When you're done thinking about the difference that businesspeople made to their hungry neighbors, multiply their work by 5,037, the number of charities in Nevada registered with the Internal Revenue Service at last count.

But first, consider the Food Bank of Northern Nevada:

"This is our community. We are raising our families here. We feel that food is a basic necessity for our neighbors," says Bonnie Drinkwater, a business attorney in Reno whose practice is a financial supporter of the Food Bank of Northern Nevada.

Staff members of the small law office, Drinkwater says, seek to share the abundance of their lives and help the community in a number of ways. But food is the most basic.

"You can't go out and get a job, you can't go to school, if you are hungry," the attorney says.

More than 50 companies some as large as Wells Fargo, others as small as Kevin L. Konsmo Construction provide cash donations to keep the Food Bank humming in its warehouse at Tahoe Reno Industrial Center.

Other companies match employee contributions. A few days ago, Microsoft Licensing gave the Food Bank $29,387, money raised through its annual giving campaign from employees and a company match.

The Food Bank is able to stretch those cash contributions through other gifts. The food drives that are part of the holiday season at many offices help.

So do bigger contributions. Just a few days ago, the newly created charitable program of Advanced Refining Concepts donated a fillup of the Food Bank's 18-wheeled refrigerated delivery truck with 200 gallons of diesel fuel from the Advanced Refining's new processing plant around the corner from the Food Bank's warehouse.

And it's no coincidence that the warehouse itself overlooks the grocery distribution facility of Walmart, which joins with other grocers and food distributors to provide a steady stream of donated merchandise.

Much of that donated food is sorted and boxed by groups of volunteers from northern Nevada businesses.

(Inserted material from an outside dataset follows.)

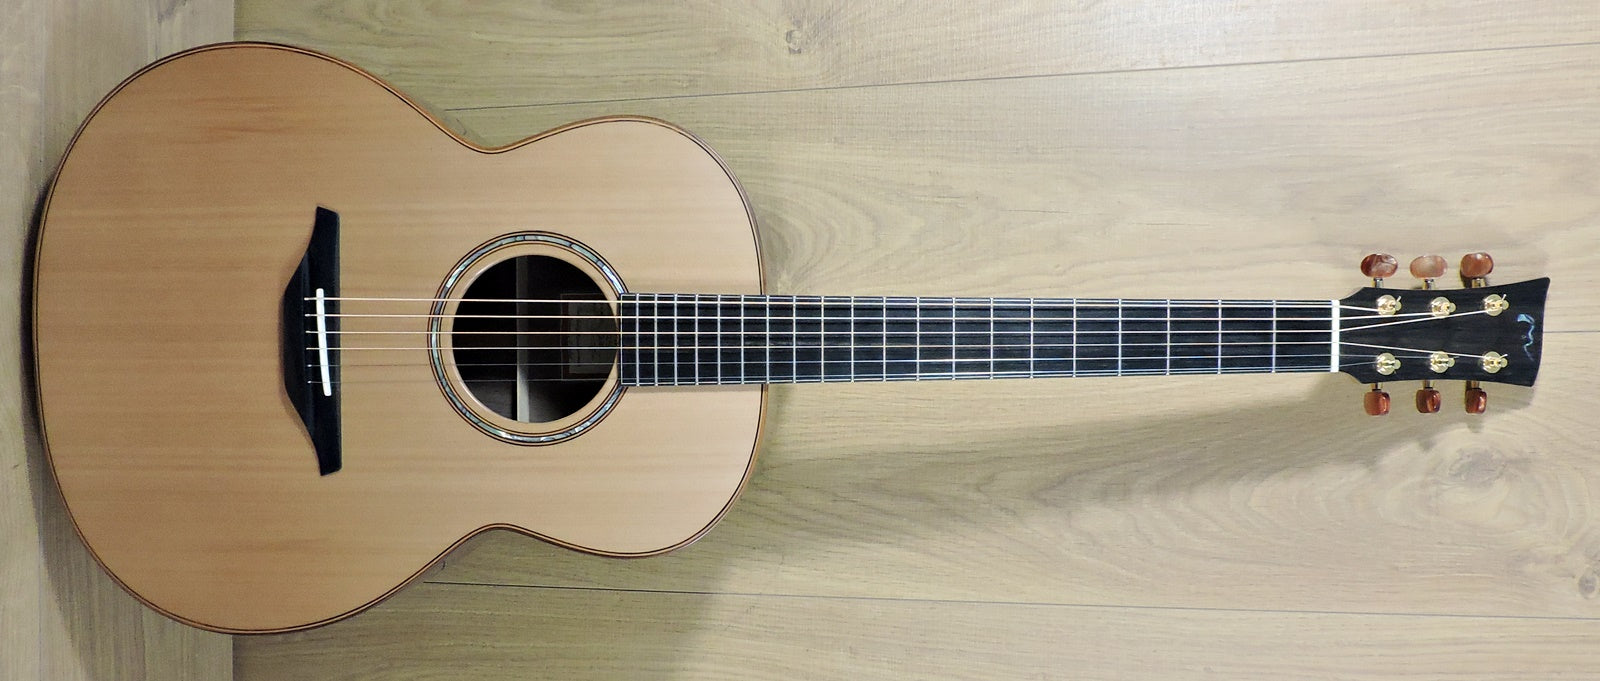 McIlroy A25 Handmade Acoustic Guitar

"It brings us together as a group to do something for the community," says Michelle Sherven, president of Western Environmental Testing Laboratory in Sparks.

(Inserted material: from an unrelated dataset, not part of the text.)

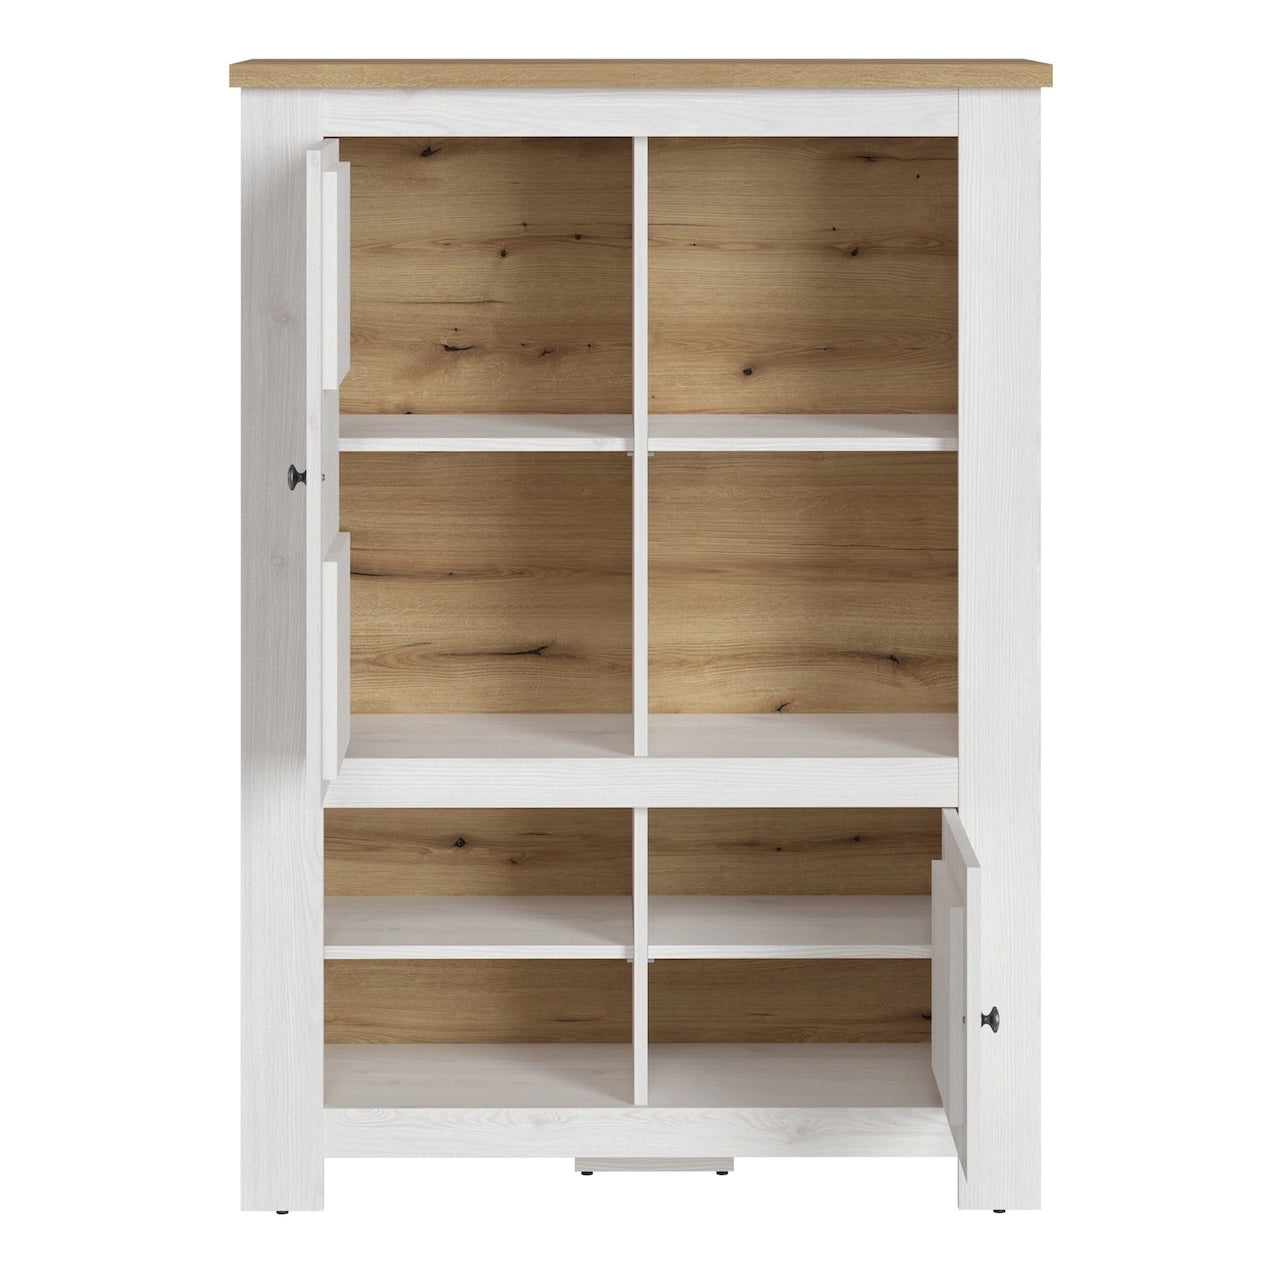 Furniture To Go Celesto 2 Door 4 Shelves Cabinet in White & Oak

Each month for the past couple of years, five or 10 staff members of the laboratory company have volunteered once a month at the Food Bank warehouse.

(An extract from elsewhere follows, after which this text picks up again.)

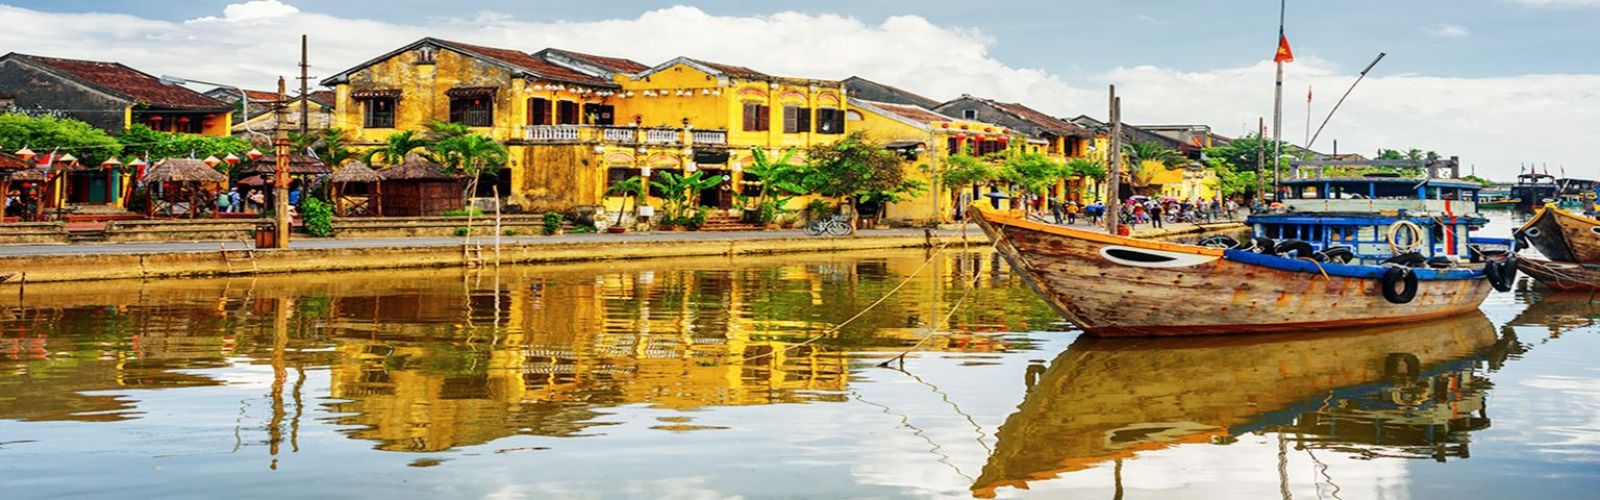 Vietnam Historical Heritage

While that volunteer labor helps the Food Bank get its work done, it also keeps the needs of the poor and the hungry in front of busy people.

"For every employee and every customer who participates with these companies and is made aware of the overwhelming needs of the clients we serve, many more people in the community understand how important our goal of ending hunger is as a result," says Doris Phelps, the chief marketing and philanthropy officer for the Food Bank of Northern Nevada.

And here is what Phelps mean when she talks about "overwhelming needs": In the past three years, since the onset of the recession, the number of people served by the Food Bank has increased by 70 percent.

SIDEBAR

A donation of space

The generosity of the owner of a vacant commercial building and the work of two real estate brokers provided a temporary holiday facility for the Salvation Army to collect holiday donations.

The nonprofit is working this year from a high-visibility building at 7175 S. Virginia St., previously a Lithia Audi dealership.

Paul Snider, owner of the building, donated the space. The arrangement was put together this autumn by Floyd Rowley, a senior vice president with Colliers International, and Don Welsh, vice president of Grubb & Ellis.